LONDON

Royal Bank of Scotland Group Plc rose to a 12-month high in London trading after scrapping plans to sell its Williams & Glyn banking unit, removing one of the lender’s biggest obstacles to paying dividends and cutting the UK government’s stake.

Britain’s largest taxpayer-owned bank may have reached a “turning point” after running up expenses of about £1.8 billion (Dh8.08 billion; $2.2 billion) trying to dispose of the 314-branch lender in order to meet European Union antitrust rules, analysts at Deutsche Bank AG led by David Lock wrote in a note to clients on Monday.

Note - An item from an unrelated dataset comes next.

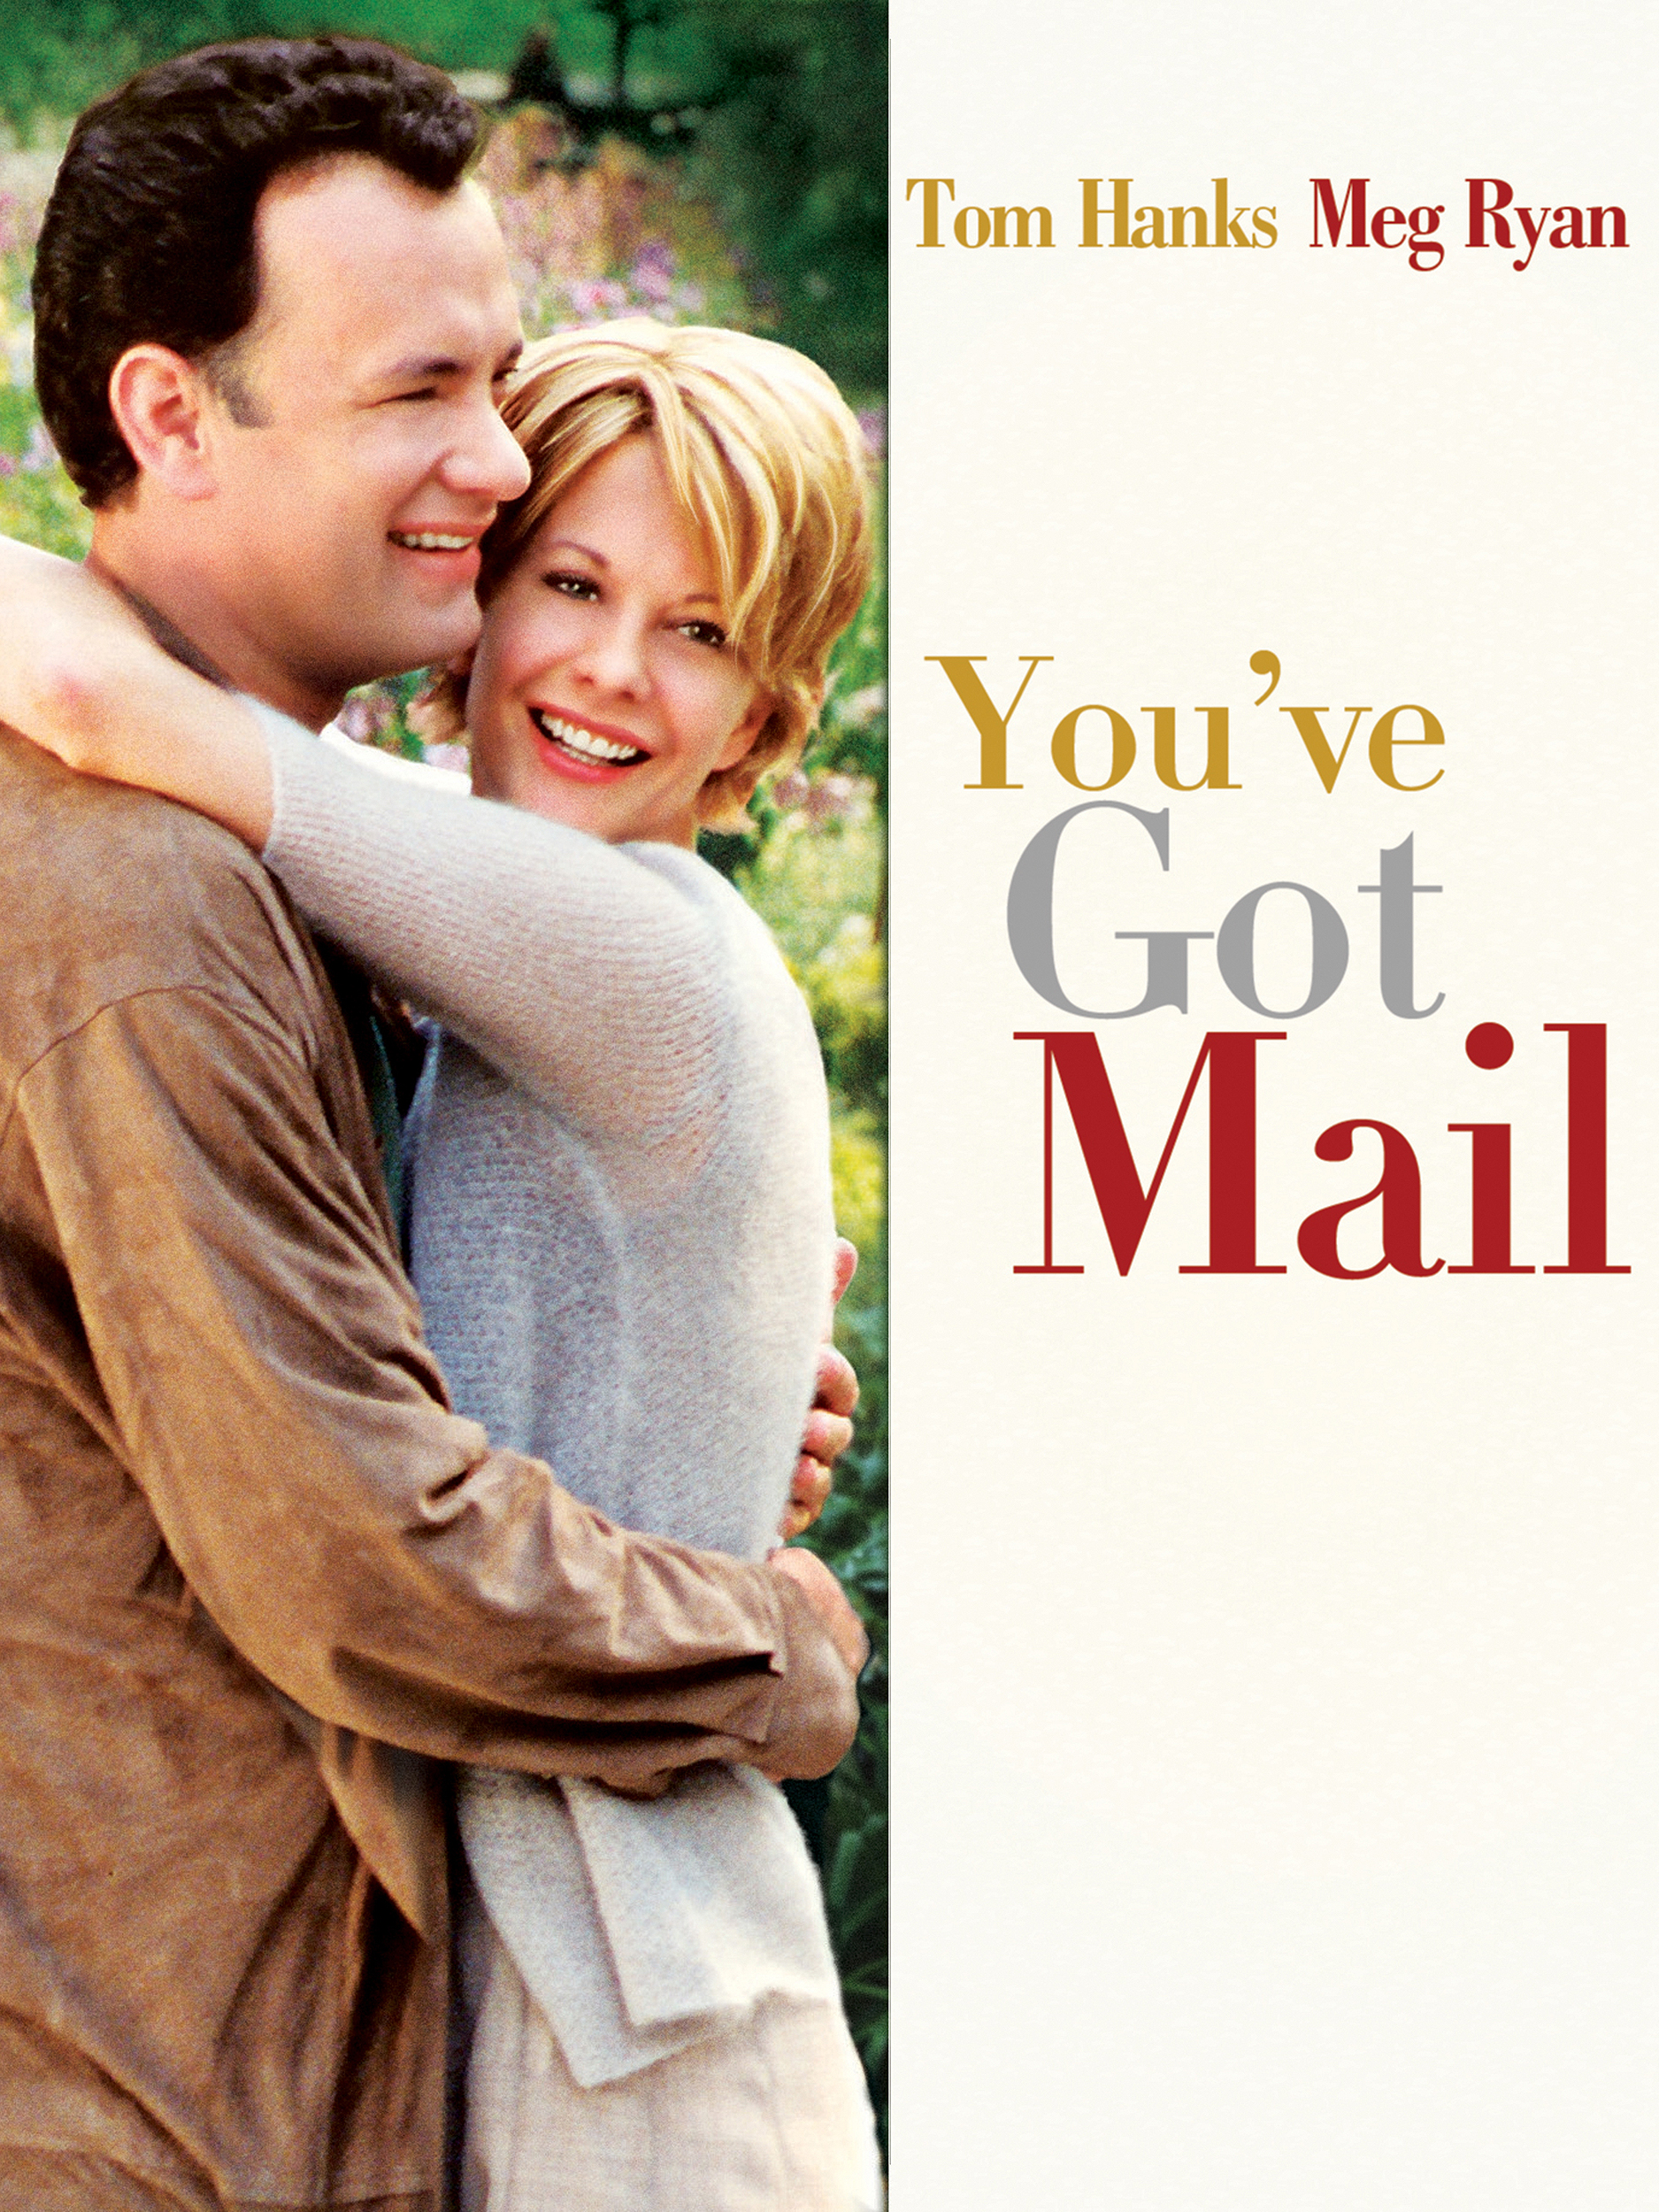 The website for the movie 'You've Got Mail' is a '90s web design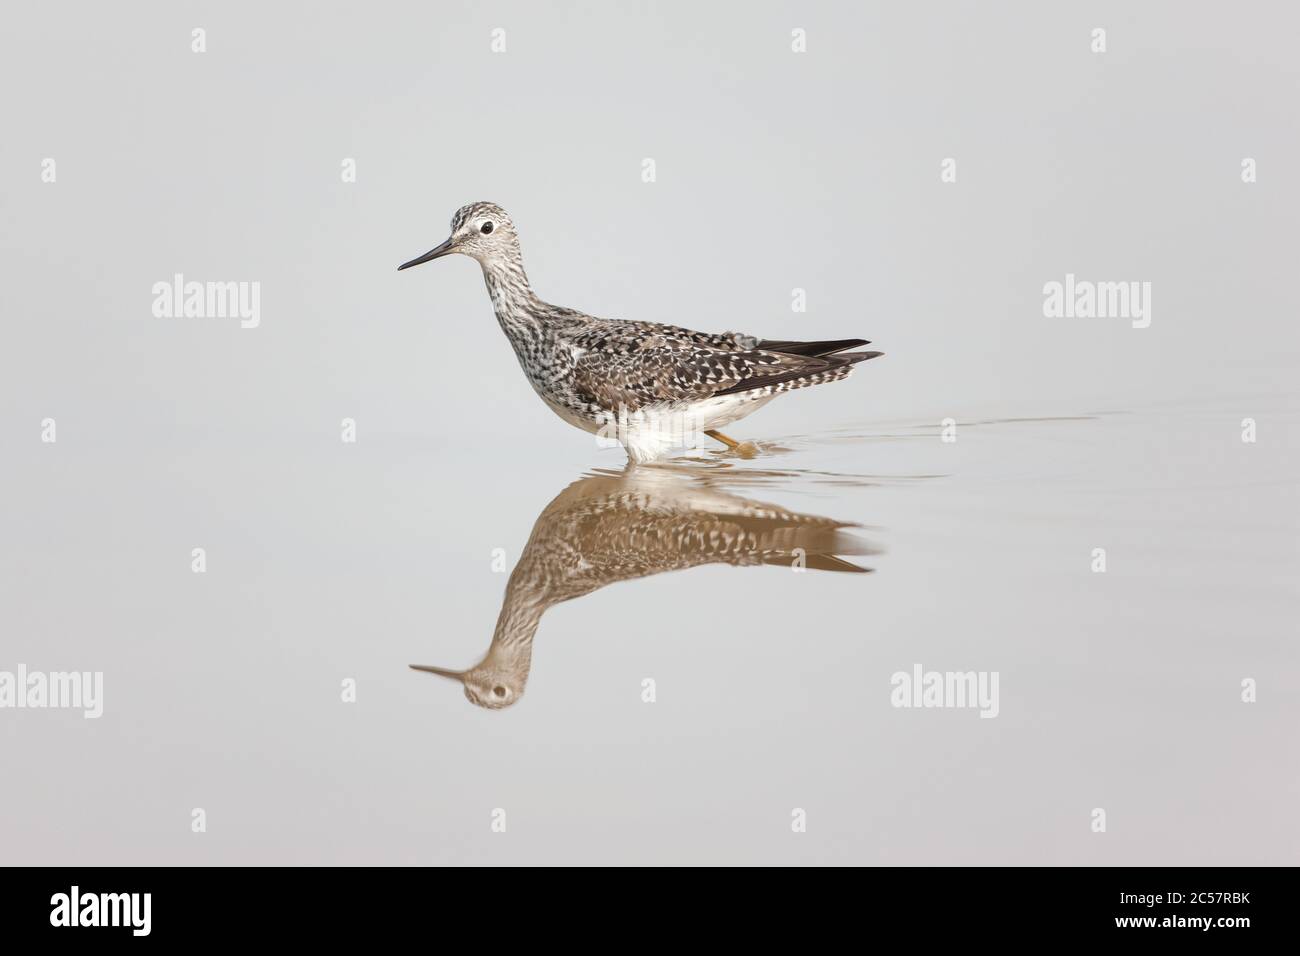 A willet Tringa semipalmata stands reflected in the calm water of the Florida everglades national park, Florida USA Stock Photo

The shares gained as much as 6.5 per cent and were up 15.4 pence to 257.8 pence as of 11:00am, the biggest advance among major UK banks.

Investors are optimistic that RBS is closer to resolving some of the biggest issues that have weighed on the stock, even if it means a greater loss in 2016 results. The bank will take a 750 million-pound provision as part of a new plan to address its EU mandate to sell Williams & Glyn, which will include paying rivals to take on its customers. The fourth quarter will also include a £3.1 billion charge tied to a US probe into sales of mortgage securities.

“Addressing these non-operating issues in 2017 should provide a clearer path towards the normalisation of the business, and also brings forward our expectations of dividend resumption” to the end of 2017, Rohith Chandra-Rajan, an analyst at Barclays Plc, wrote in a note to investors. The bank was raised to equal weight from underweight by Barclays.

Post loss

RBS is now expected to post a loss of about £6.5 billion for 2016, according to the Deutsche Bank analysts. That would be the bank’s ninth straight annual deficit and bring total losses since the financial crisis to more than £58 billion pounds. Chief Executive Officer Ross McEwan told the Financial Times in an interview he expects the bank to return to statutory profit in 2018 after more than a decade of losses.

RBS has struggled to spin off Williams & Glyn, which it agreed to do in 2009 after receiving £45.5 billion pounds of state aid during the financial crisis. The European Commission is now considering allowing the Edinburgh-based lender to keep the unit and instead set aside money to help rival lenders lure its clients and provide “dowries” to smaller challenger banks in order to enhance competition in business banking, RBS said on Friday.

McEwan has previously described selling Williams & Glyn and settling the US. Department of Justice probe into the bank’s sale of mortgage bonds as two key roadblocks to paying dividends. Acceptance of the new proposals by the EU could help accelerate the return of capital to investors, according to analysts at UBS Group AG led by Jason Napier.

Foregone conclusion?

While keeping Williams & Glyn comes at a cost, the division includes profitable lending to small-and medium-sized businesses that could bolster earnings for RBS amid dwindling income from mortgage loans because of low interest rates. RBS could see a 12 per cent uplift to earnings per share in 2019, analysts at JPMorgan Chase & Co. including Raul Sinha wrote in a note to clients with an underweight rating on the shares.

Some analysts were sceptical that paying rivals to take RBS’s clients will result in increased competition. “We wouldn’t expect that many SMEs will jump at the opportunity to be offloaded to a challenger bank, dowry or no dowry,” Sandy Chen, an analyst at Cenkos Securities Plc wrote in a note to clients.

The plan put forward by the UK. Treasury on behalf of RBS comes just as Prime Minister Theresa May prepares to trigger Article 50 to begin Britain’s exit talks with the 28-nation trading bloc.

“We would caution that the EC Commission still needs to agree” to the UK. Treasury proposals and “the devil will be in the detail” of the terms of the deal, Andrew Coombs, an analyst at Citigroup Inc., wrote in a note to clients.